Dabber - Nantwich - town centre centre sign - May 2020 (1)

Dear Editor

A person born in Nantwich is called a DABBER.

“You can always tell a Dabber, but you can’t tell them much?”

But which of the following below is your readership’s preferred derivation?

A few years ago, the Nantwich Historical Society chose No.14 as their best derivation.

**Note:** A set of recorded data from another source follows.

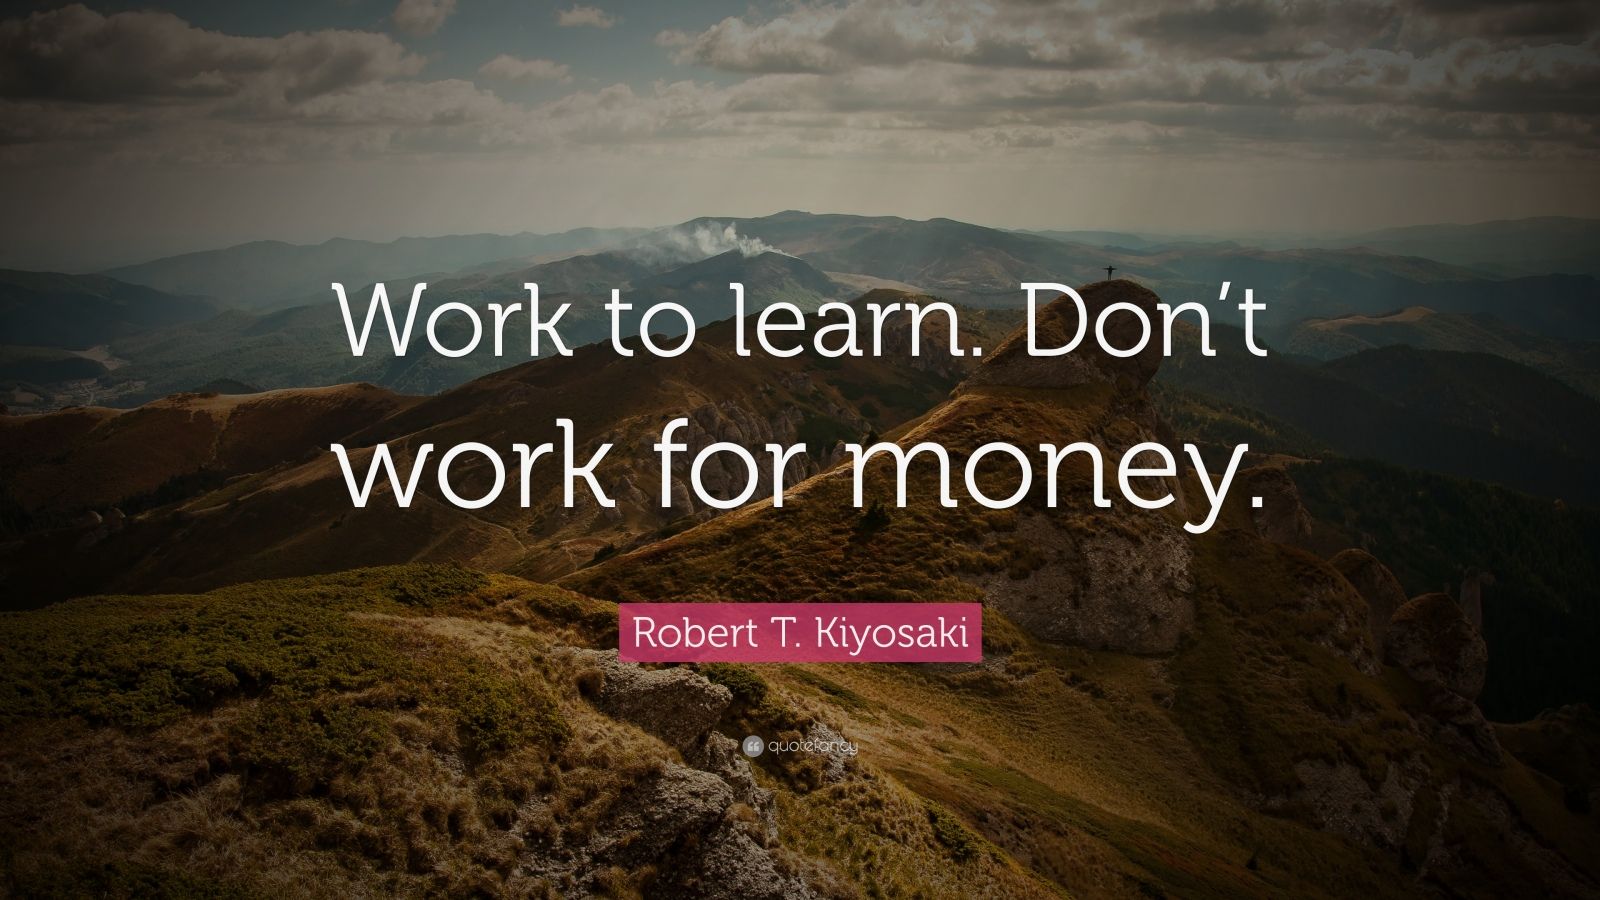 Robert T. Kiyosaki Quote: "Work to learn. Don't work for money." (12 wallpapers) - Quotefancy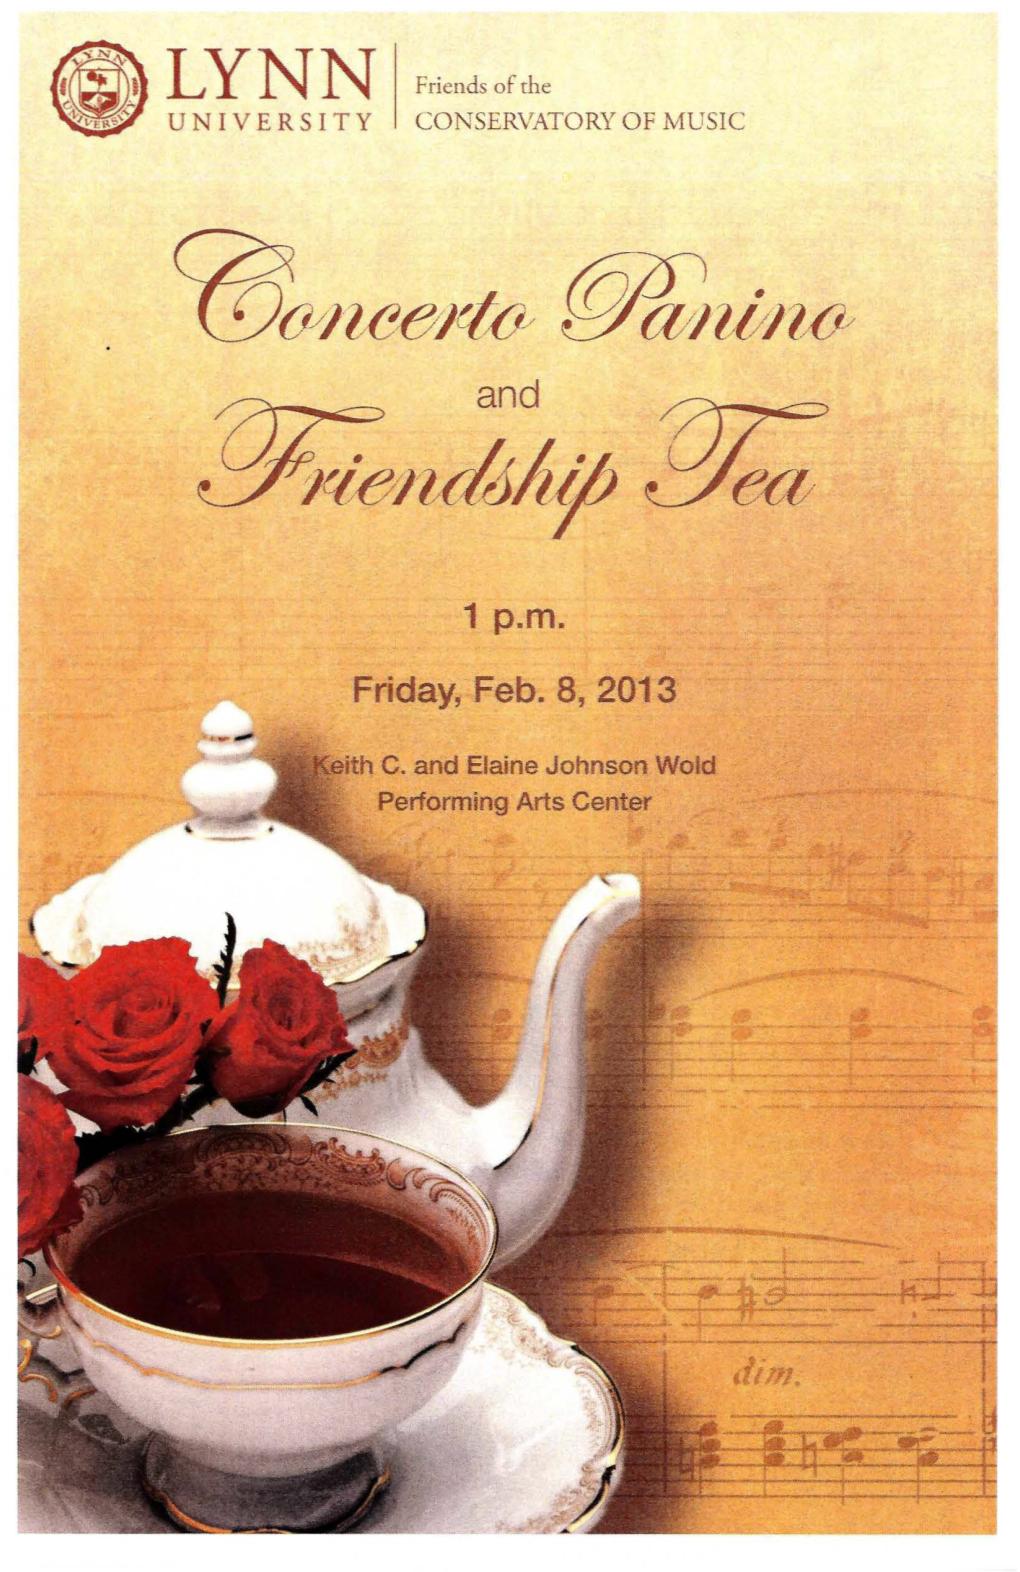 2012-2013 Concert Panino and Friendship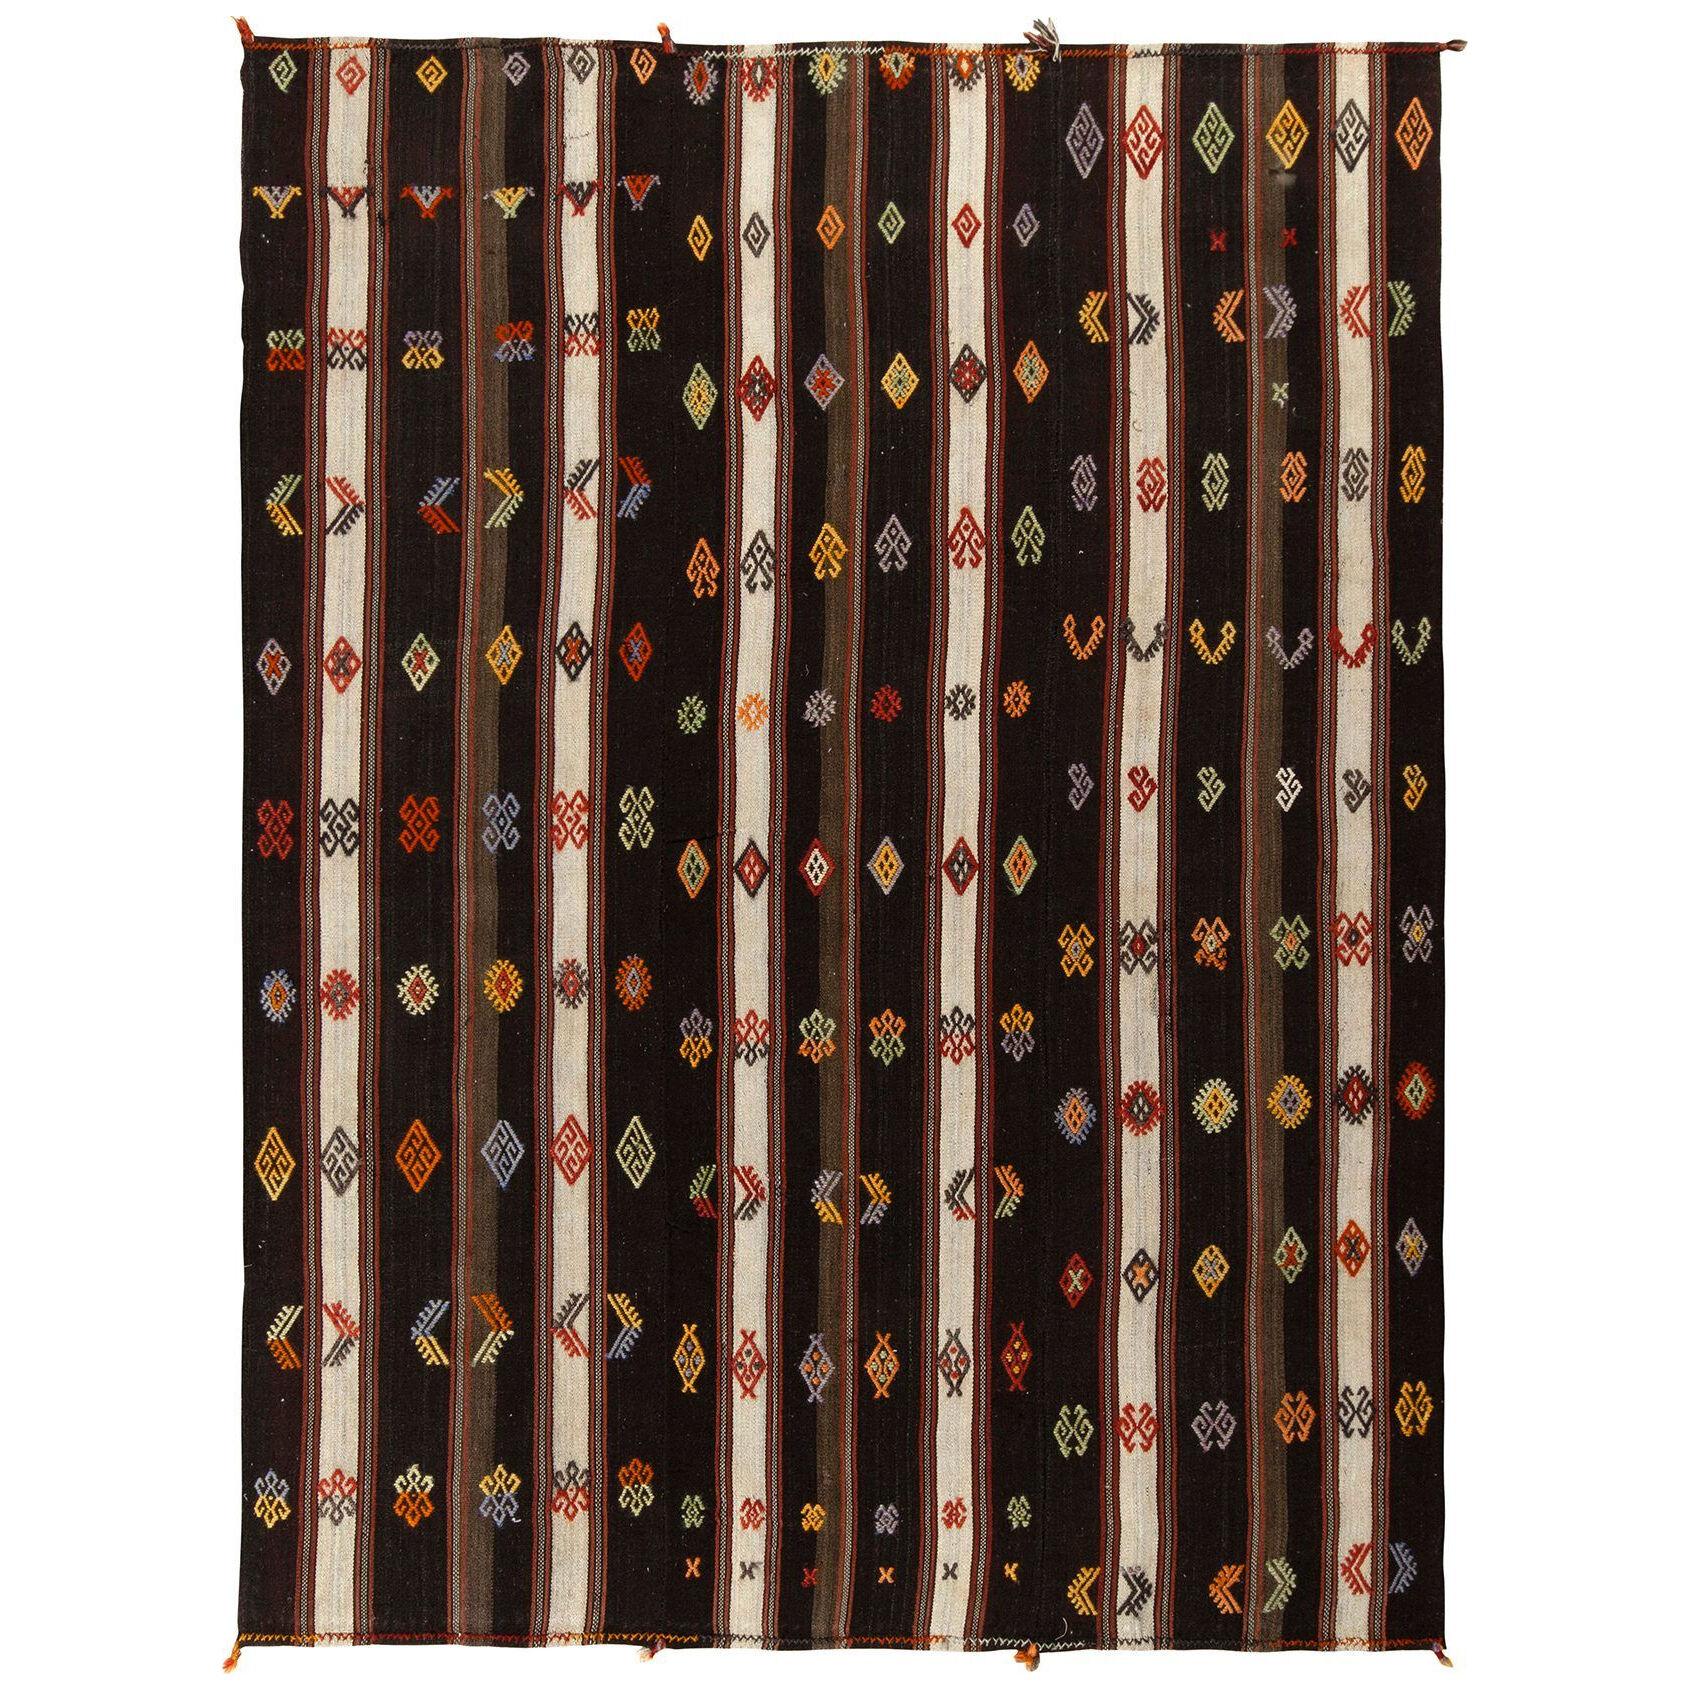 Handwoven Vintage Turkish Kilim Rug, Beige-Brown Stripes, Multicolor Embroidery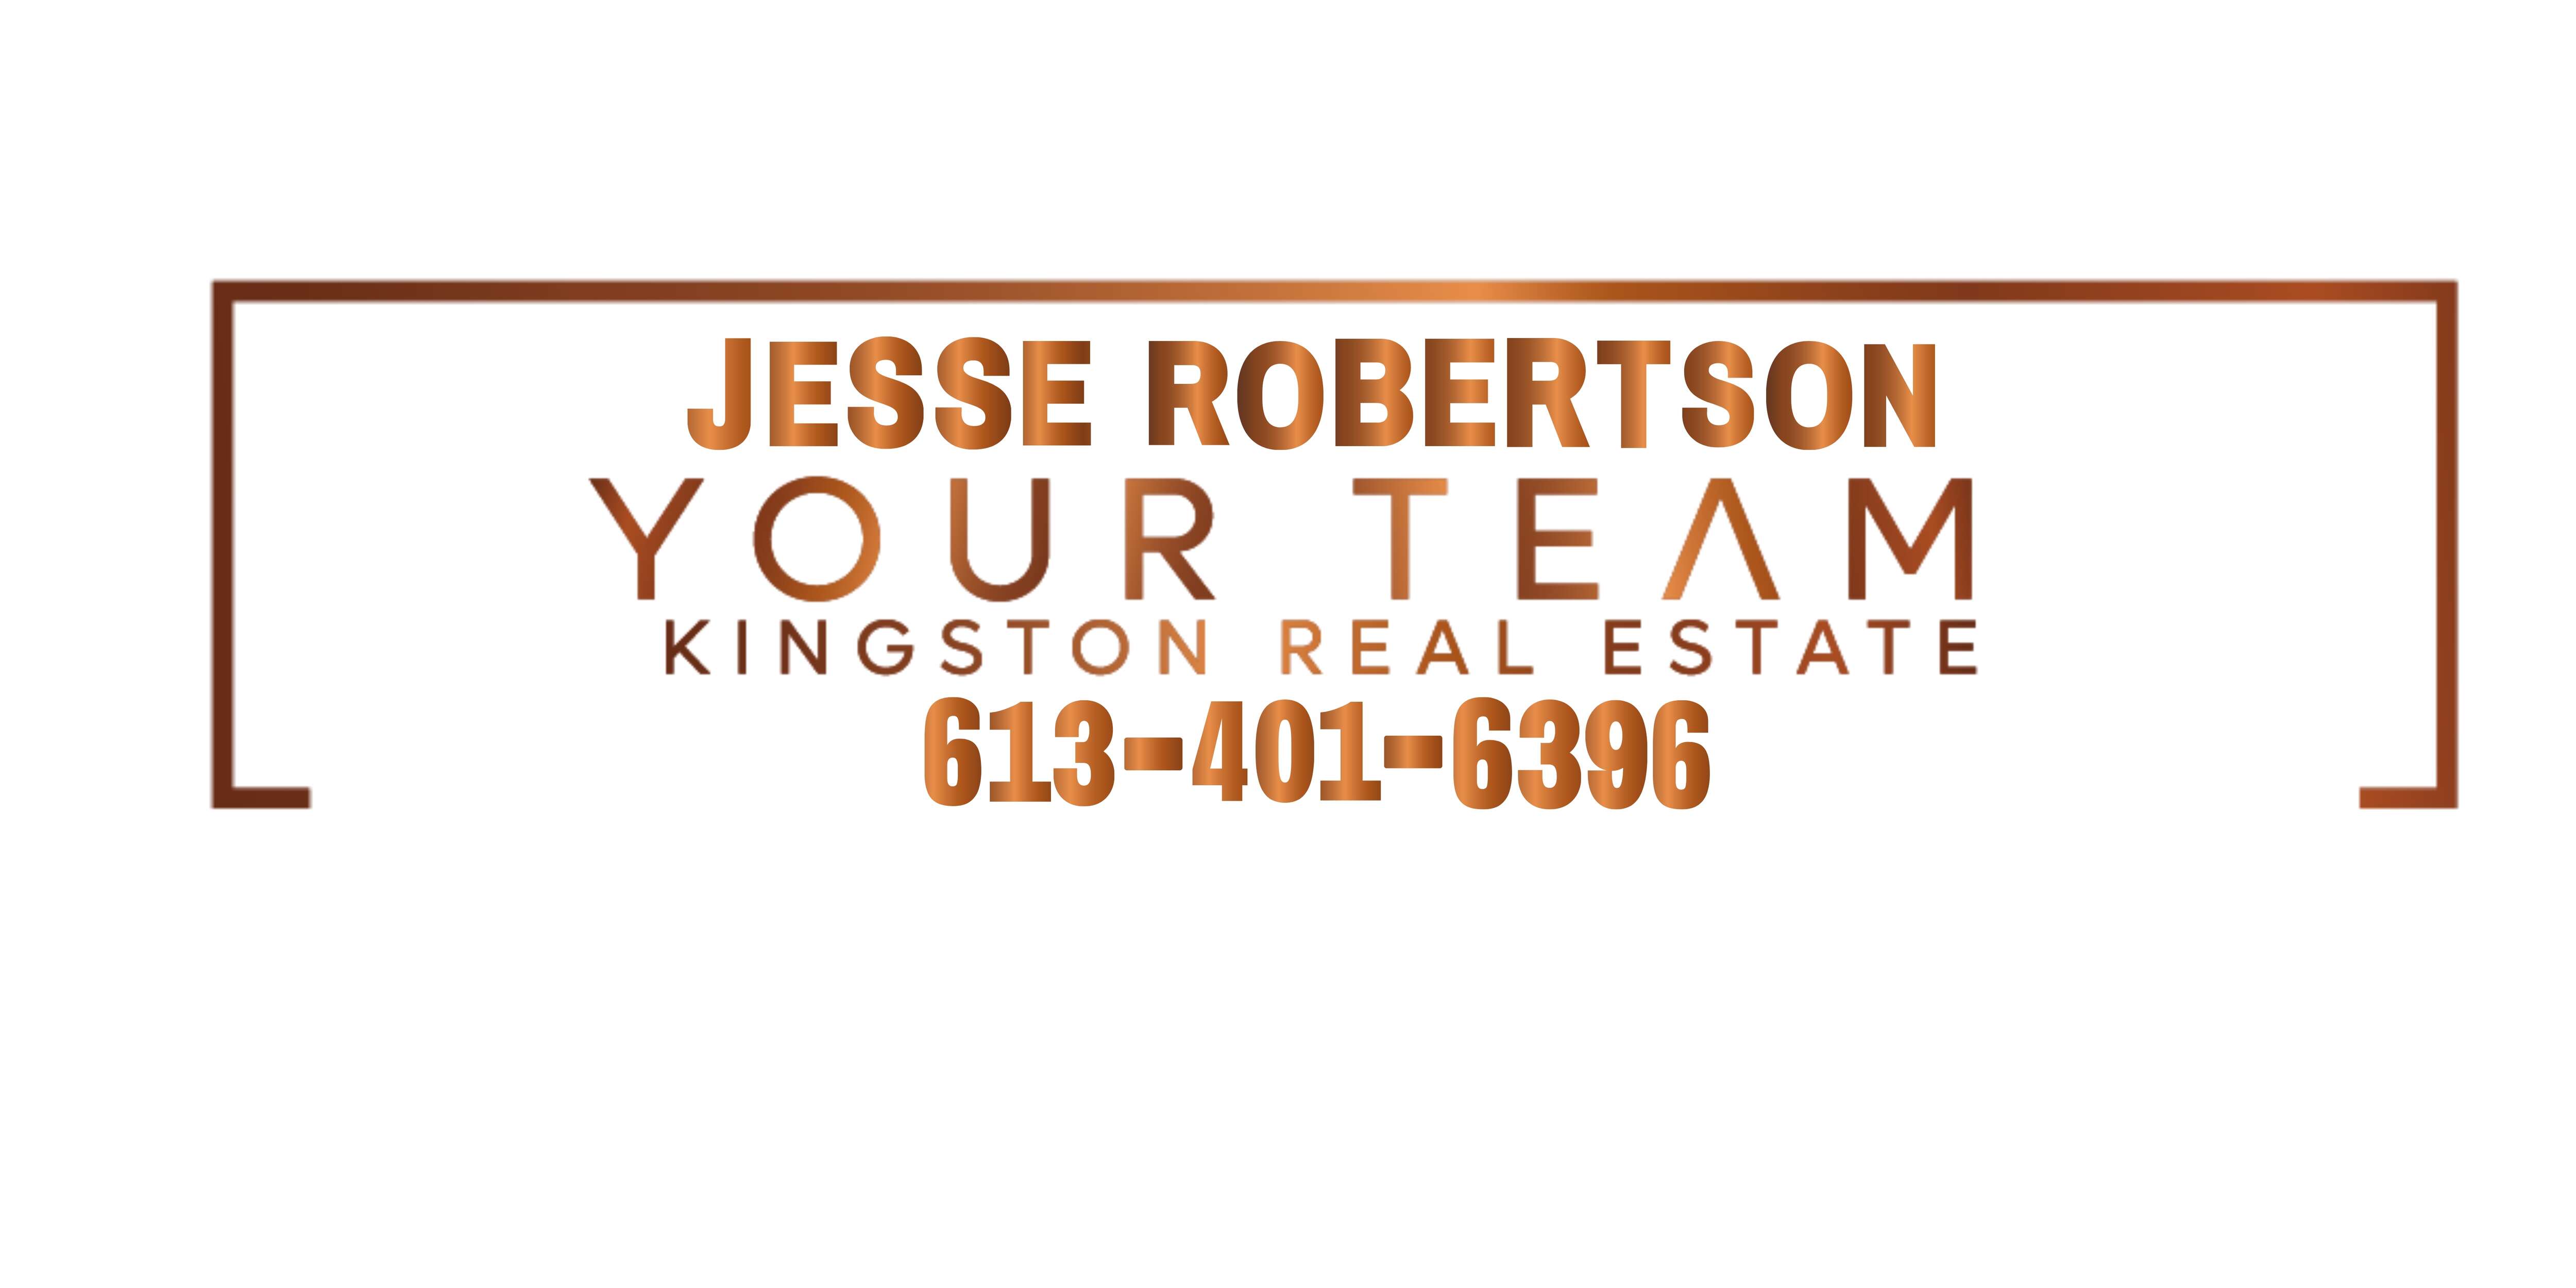 Your Team Kingston- Jesse Robertson

1. To seal a contract agreement on market days, each person DABBED open hands.
2. To DAB a bet especially during races on the Barony circa 1729.
3. To DAB a thumb print on a document or letter, to sign, it if one couldn’t read or write one’s name.
4. To be a DAB hand at an activity is to be good at it.
5. Tudor buildings contained wattle and daub – the builder was a DAUBER.
6. To fight – to put up your DABS or fists.
7. To DAB currants on the outside of a bun or cake – to press them into the dough.
8. To soften leather to make gloves or bags – one could use a small hammer or DAB.
9. To DAB a hide into a tank of tannic acid during the making of leather.
10. To DAB lime on to the branch of a tree to catch birds for caging.
11. To keep out of sight of gamekeepers while poaching – “DAB thee down, feyther”.
12. To DAB old clothes for renovating or repairing and to pass them on to a person in need.
13. To catch fish (DABS) in the River Weaver while angling.
14. To use a DAB or large flat wooden spatula to scoop froth/impurities off the lead pans and to squash the wet salt during the walling process. Making salt from brine.
15. or any other relevant suggestion?…which is most appropriate in Nantwich?

Jonathan White

Nantwich Town FC - Dabbers fans celebrate victory with the Cheshire Senior Cup 2018-19 (1)

One Comment


    This is a version that I remember being said in my younger days, whether there is anything in it I don’t know.
    “Brine pits had larch wood poles immersed in the solution and these were dabbed or dabbled frequently to assist in the crustation of the salt on them.
    The poles were then withdrawn and the salt knocked off them.
    The workers were then called Dabblers or Dabbers”.